## [Problem details]
Please repeat exactly the lines below from the one containing "Composant optique formé" down to the one containing "500 бат. Тайланд", both included, and nothing else.

## [Information provided]

# # #

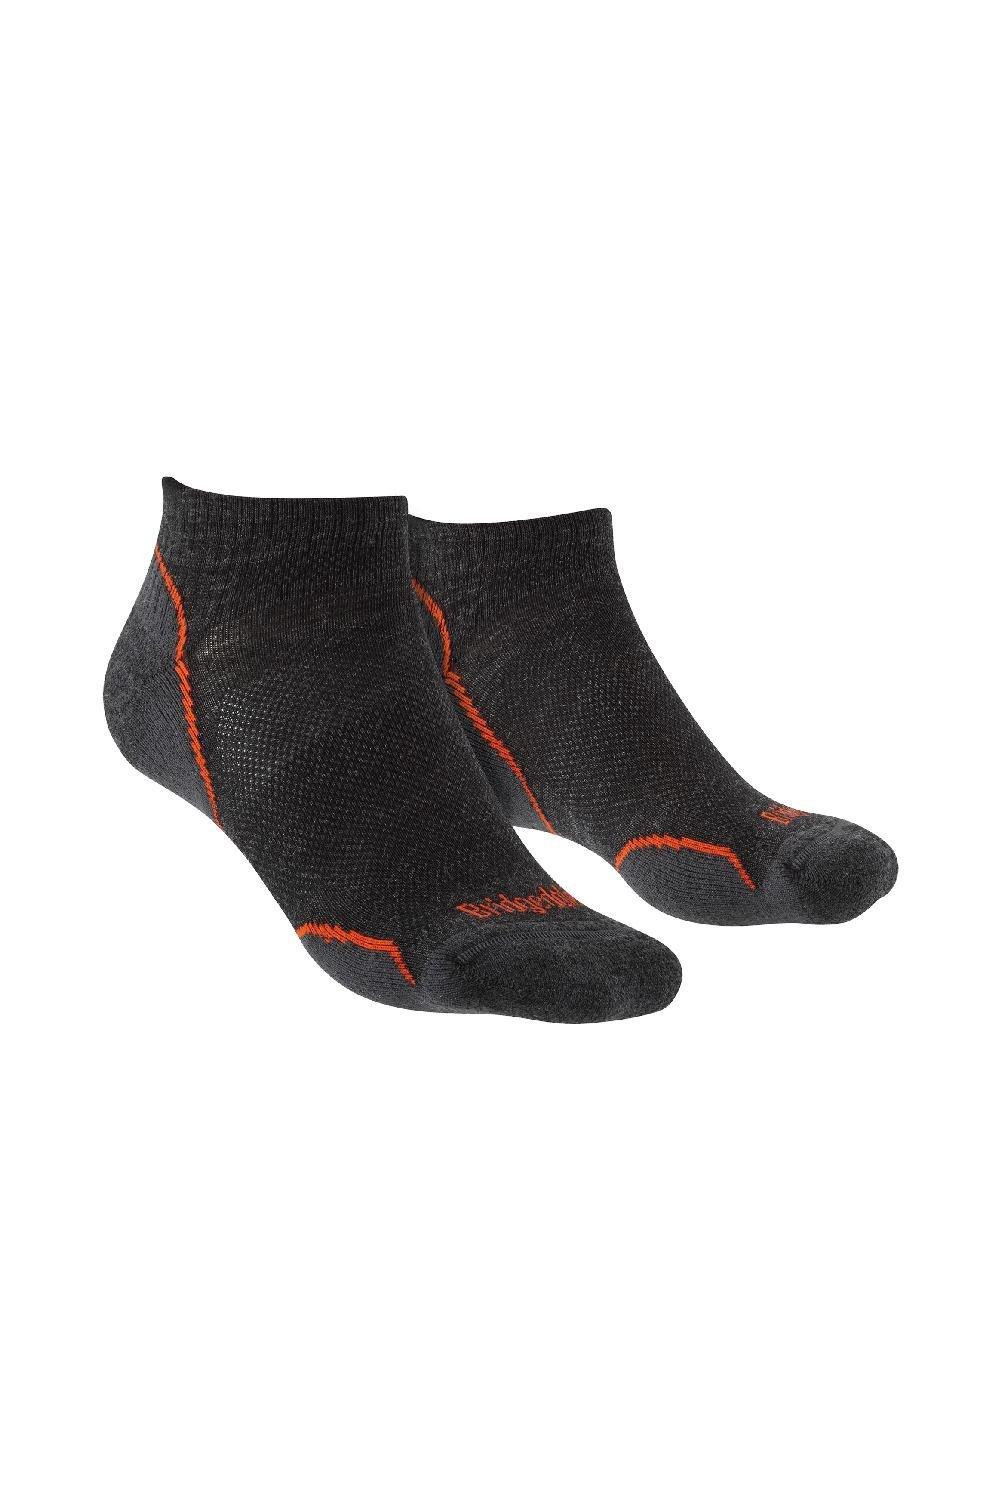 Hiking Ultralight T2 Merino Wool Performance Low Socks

# # #

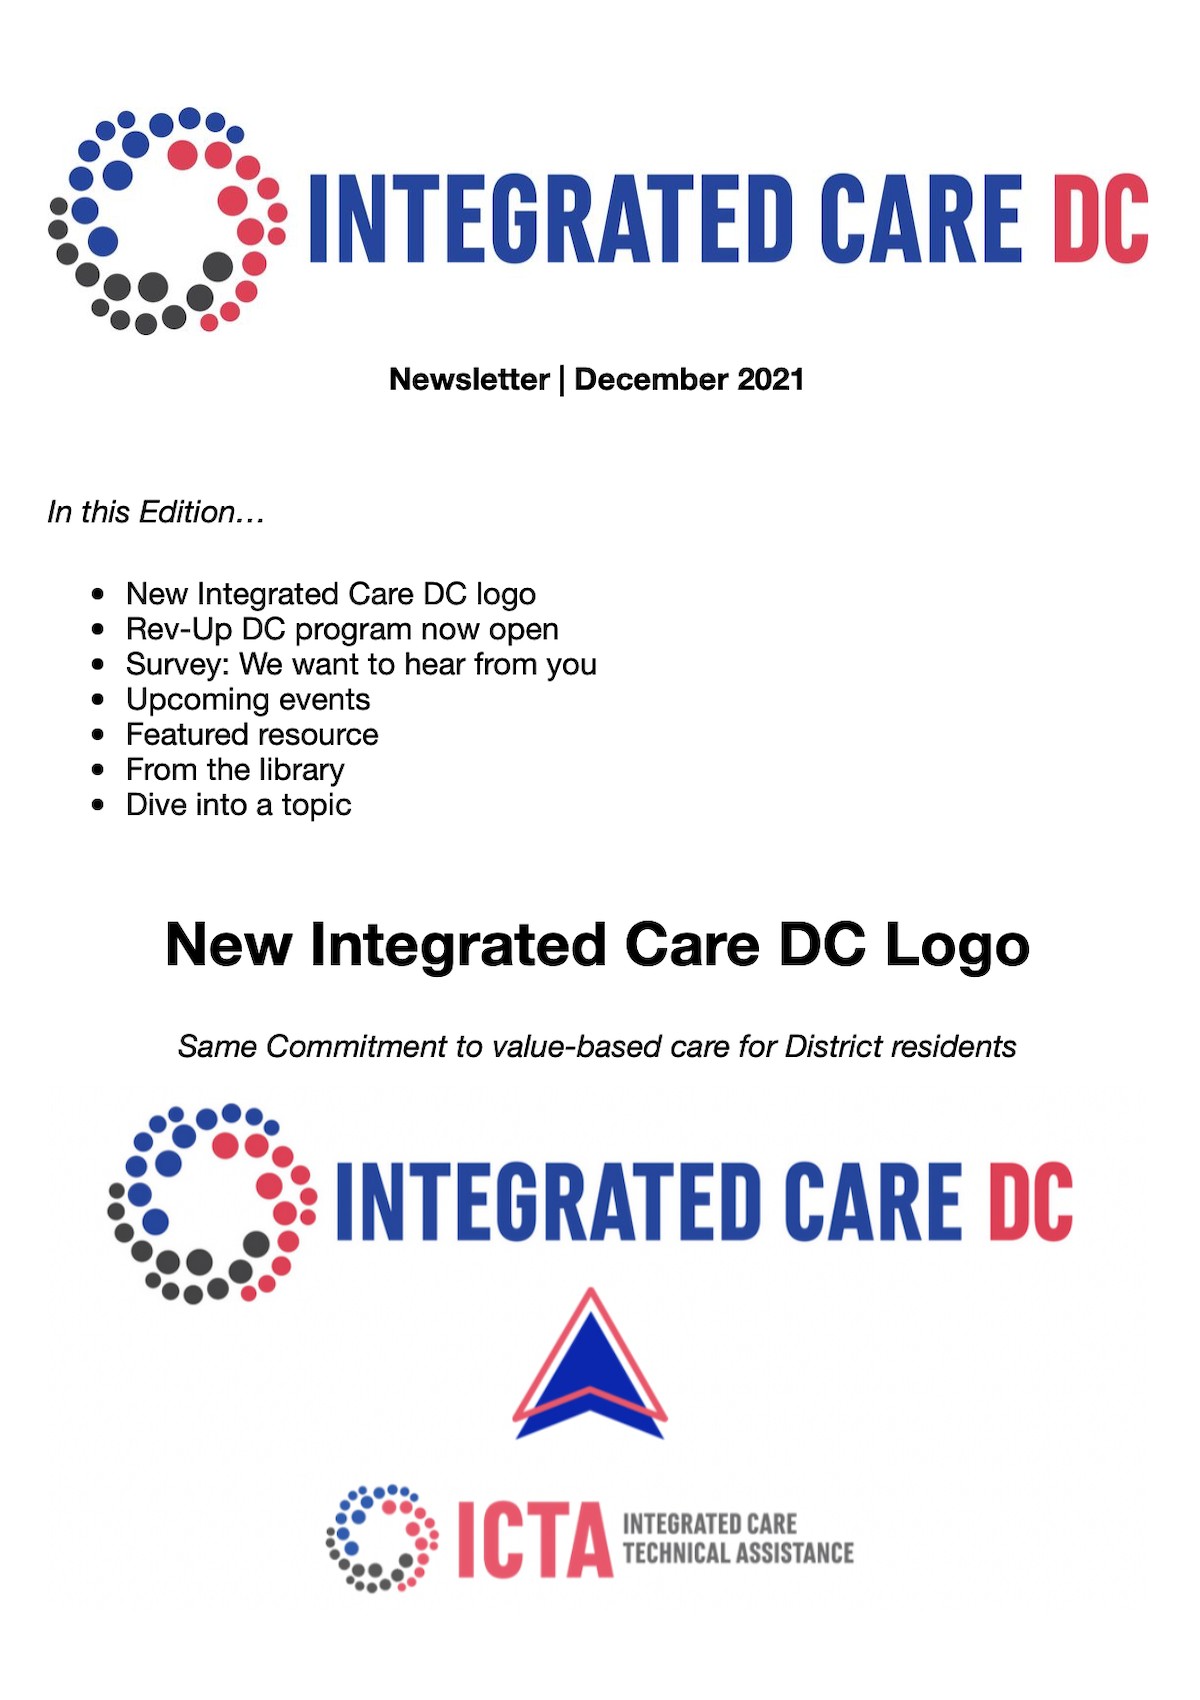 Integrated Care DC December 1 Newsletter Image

# # #

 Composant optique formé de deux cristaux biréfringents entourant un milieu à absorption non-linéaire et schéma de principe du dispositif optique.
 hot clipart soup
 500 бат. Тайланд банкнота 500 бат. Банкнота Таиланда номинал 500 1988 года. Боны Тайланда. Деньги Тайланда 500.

# # #

## [Result]
 Composant optique formé de deux cristaux biréfringents entourant un milieu à absorption non-linéaire et schéma de principe du dispositif optique.
 hot clipart soup
 500 бат. Тайланд банкнота 500 бат. Банкнота Таиланда номинал 500 1988 года. Боны Тайланда. Деньги Тайланда 500.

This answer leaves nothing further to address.